I suspect that I’m actually going to lose sleep over this.  I’m a planner and I have not adequately prepared for this day trip.  Last year, I sent myself a half-dozen text messages in the middle of the night reminding myself of what to take.  Too bad I didn’t save them!  Except now I have to add a few more items to account for Baby C.  On the other hand, we’ll have a stroller to dump all our stuff in. minimum I need:


  • a half dozen diapers;a couple of diaper covers; wet wipes; and plastic bags
  • two changes of clothes for the baby; and one for each of the big girls and myself
  • Camillia for teething and a teether
  • two dfferent doses of Tylenol for the big girls
  • several water bottles
  • nuts, dates, cereal bars, fruit, sandwiches, and juice boxes
  • fully charged iPhone, because I can’t take my camera with me.  It's just too hard to balance a DSLR with Baby C in arms. And, I’m admittedly bored with the animal photos that we never print and just need a few of the girls for the memory book.
  •  You
 know, the one we never get around to making every summer but always plan on and then wish we had.
  • A couple of receiving blankets which are the multi purpose superstars of my life
  • And cash because the parking at the zoo is freaking expensive; I’ll definitely need
  • coffee;the car will probably require gas; and I will buy my girls a drumstick and ride on the merry-go-round


    Did I mention we only plan on being out of the house for six hours?

    How long does it take you take you to get out the door with your kids?  Do you take more or less stuff?  And do YOU like the zoo?

Sunday, 10 June 2012

The Rise and Fall of the School Routine. Is it summer yet?

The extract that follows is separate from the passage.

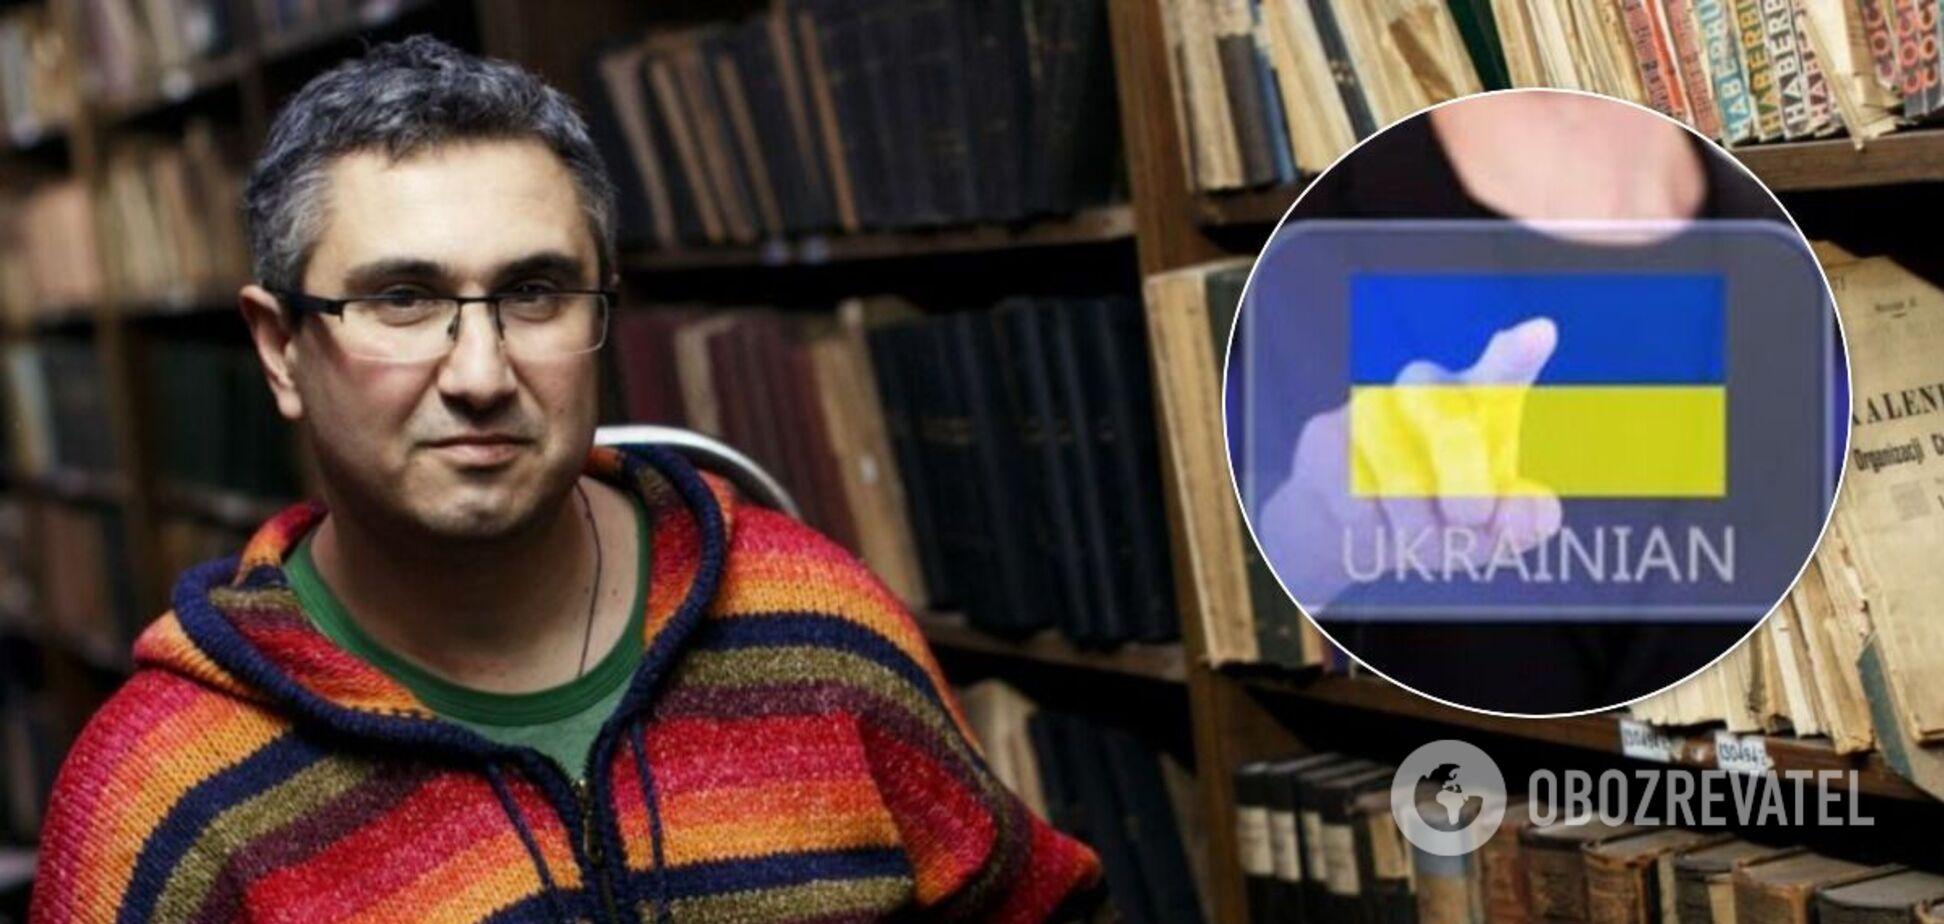 Історик Вахтанг Кіпіані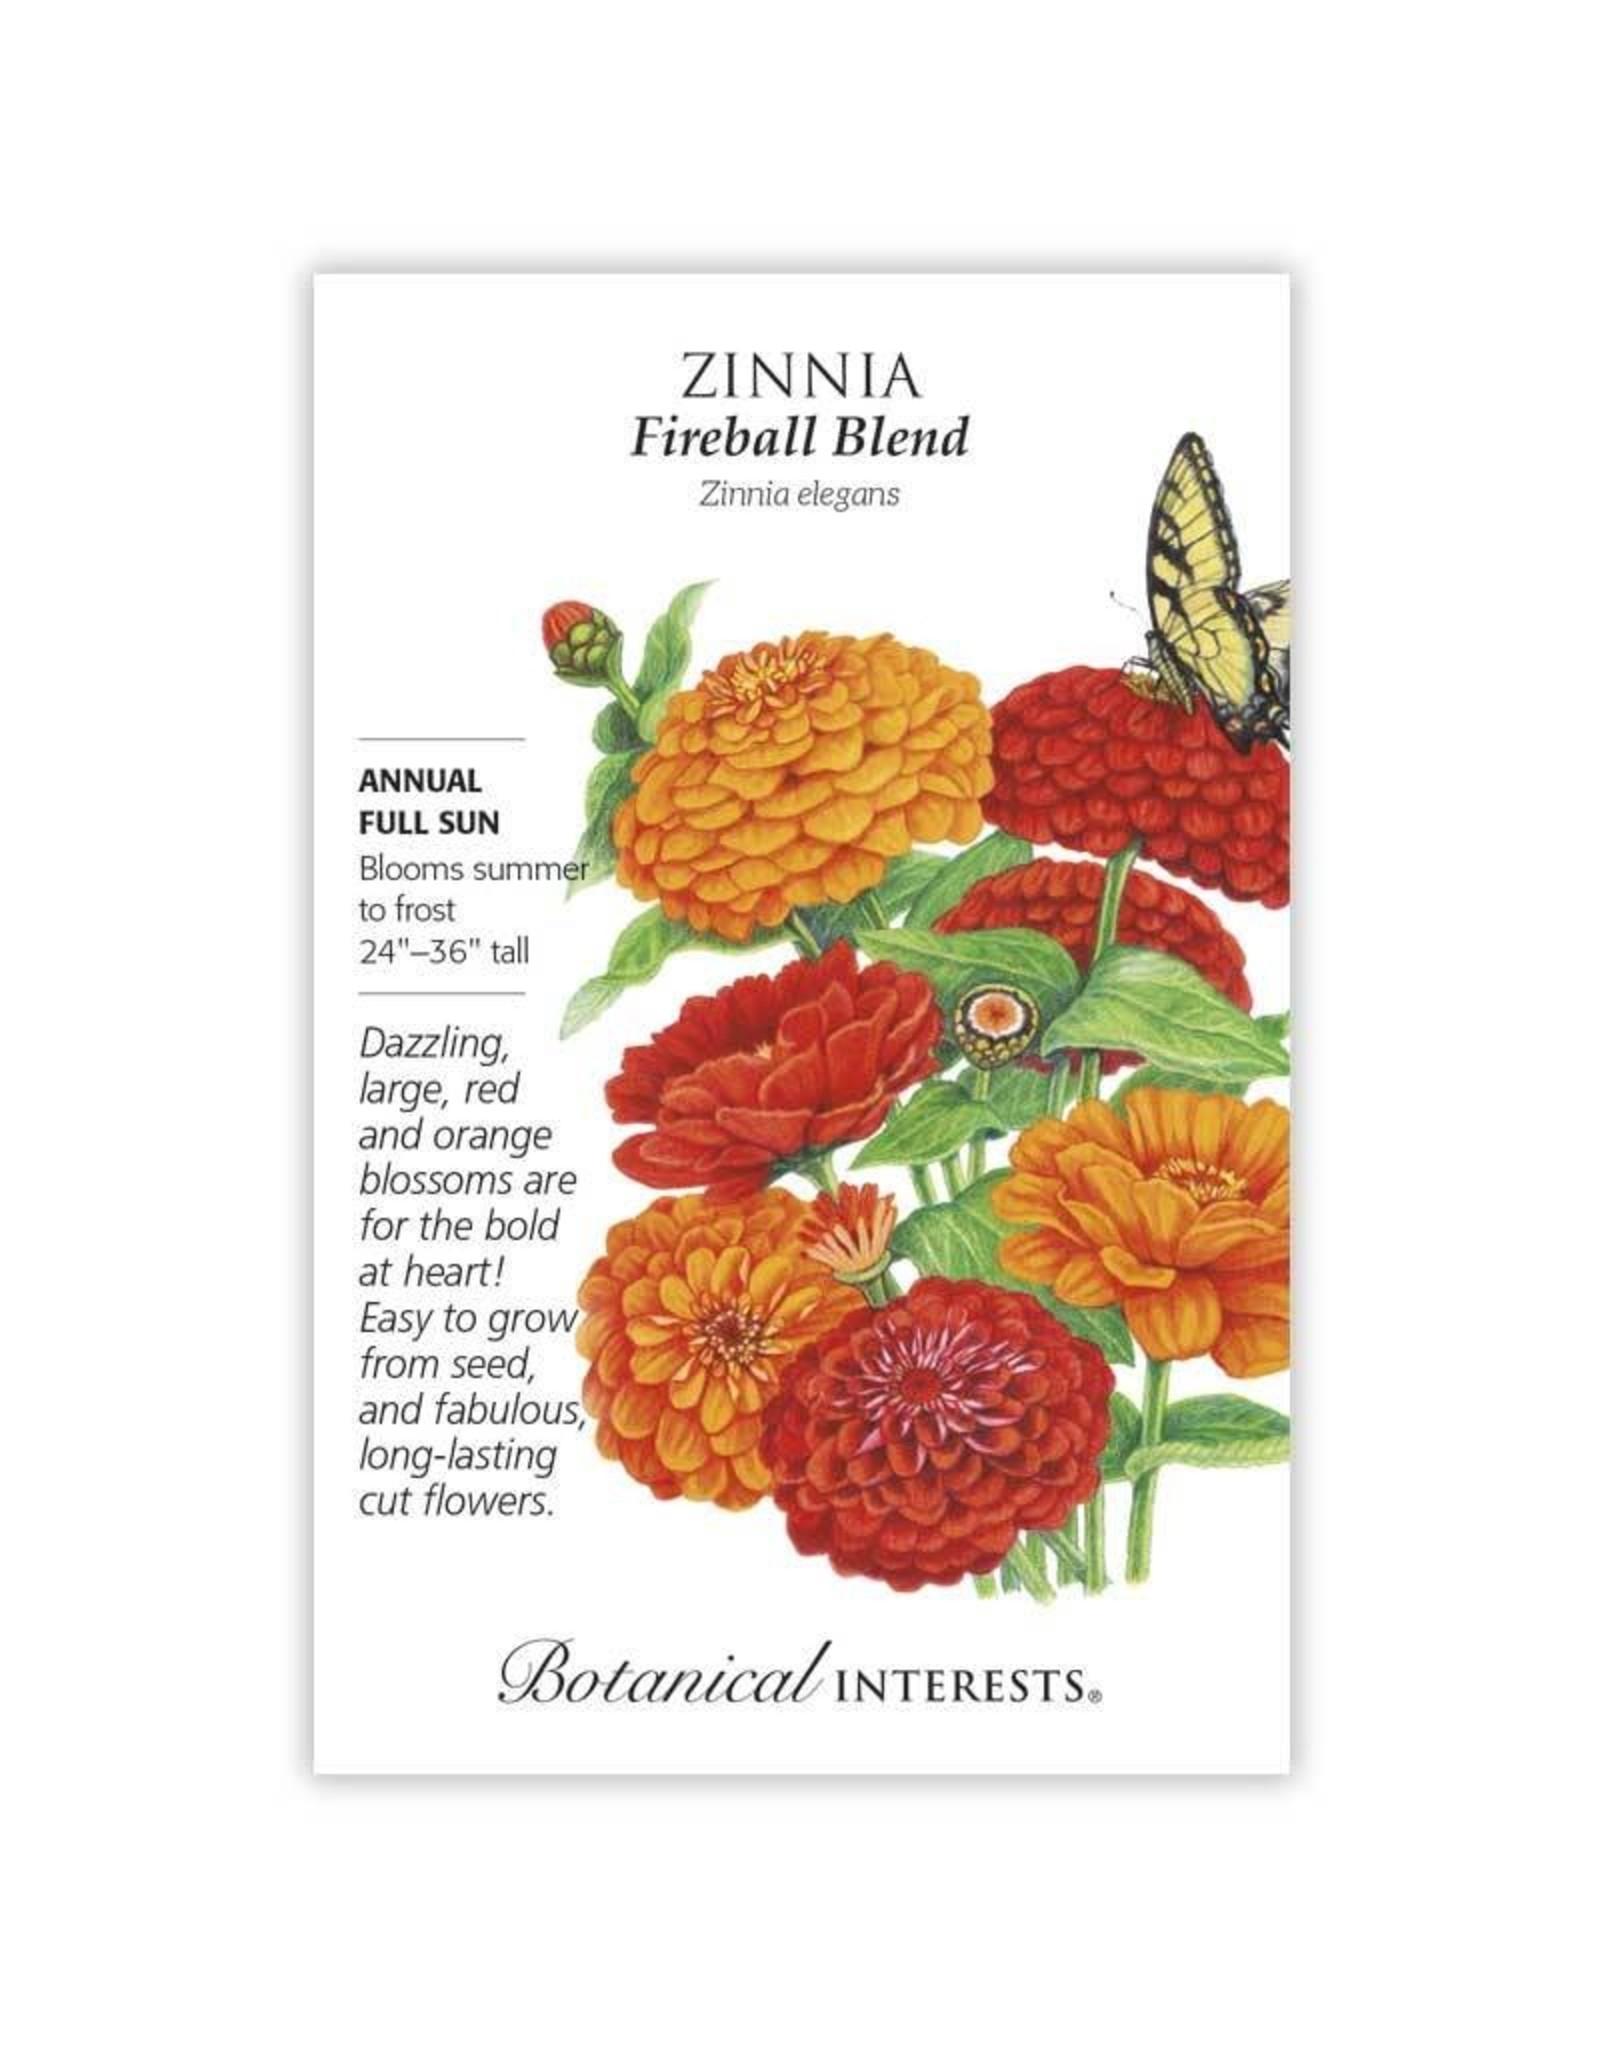 Seeds - Zinnia Fireball Blend

R is an awesome kid.  She loves her sisters (and us!).  She loves to read.  She loves school.  But she is not a morning person (like both her parents), and has a hard time falling asleep at night (despite a screen-free, sugar –free, relaxed bedtime routine).  R has always needed a plan.  From as young as two, we would lie in bed and determine what our plan for the day was going to be.  So it’s somewhat surprising to me that she has become such a layabout in the mornings and completely scatterbrained after school.

Two weeks before school started in August, we started waking up, getting dressed, having breakfast and walking to/from school.  One week before school we started doing the same thing, but at a school-appropriate time.  It was a slow build to get into a good routine where no one was crying from hunger, frustration or fatigue at the end of the day but we did it.  Christmas break was a small blip.  Baby C’s birth another one, and March break a bigger blip.  But we always managed to rebound.  Until now.

Disaster struck once it started to stay full light well past 8pm.  We hung black curtains in their room.  We closed the door to prevent the light from the hallway coming in.   L still had boundless energy and was keeping her big sister awake so we tried separate  bedtimes, but that lead to tears.  So we started taking walks after dinner; that backfired as it lead to a second wind for both of them and a longer more drawn out getting for bed routine with mandatory showers as opposed to baths after school.  We are sticking strong to an 8pm bedtime but often R is awake until almost 9pm.  (Later if we allow some extra reading time for her because our sympathy as night owls kicks in.)  With the later and later falling asleep time, comes the harder to wake up R.  And when I do get her awake, she is grumpy. 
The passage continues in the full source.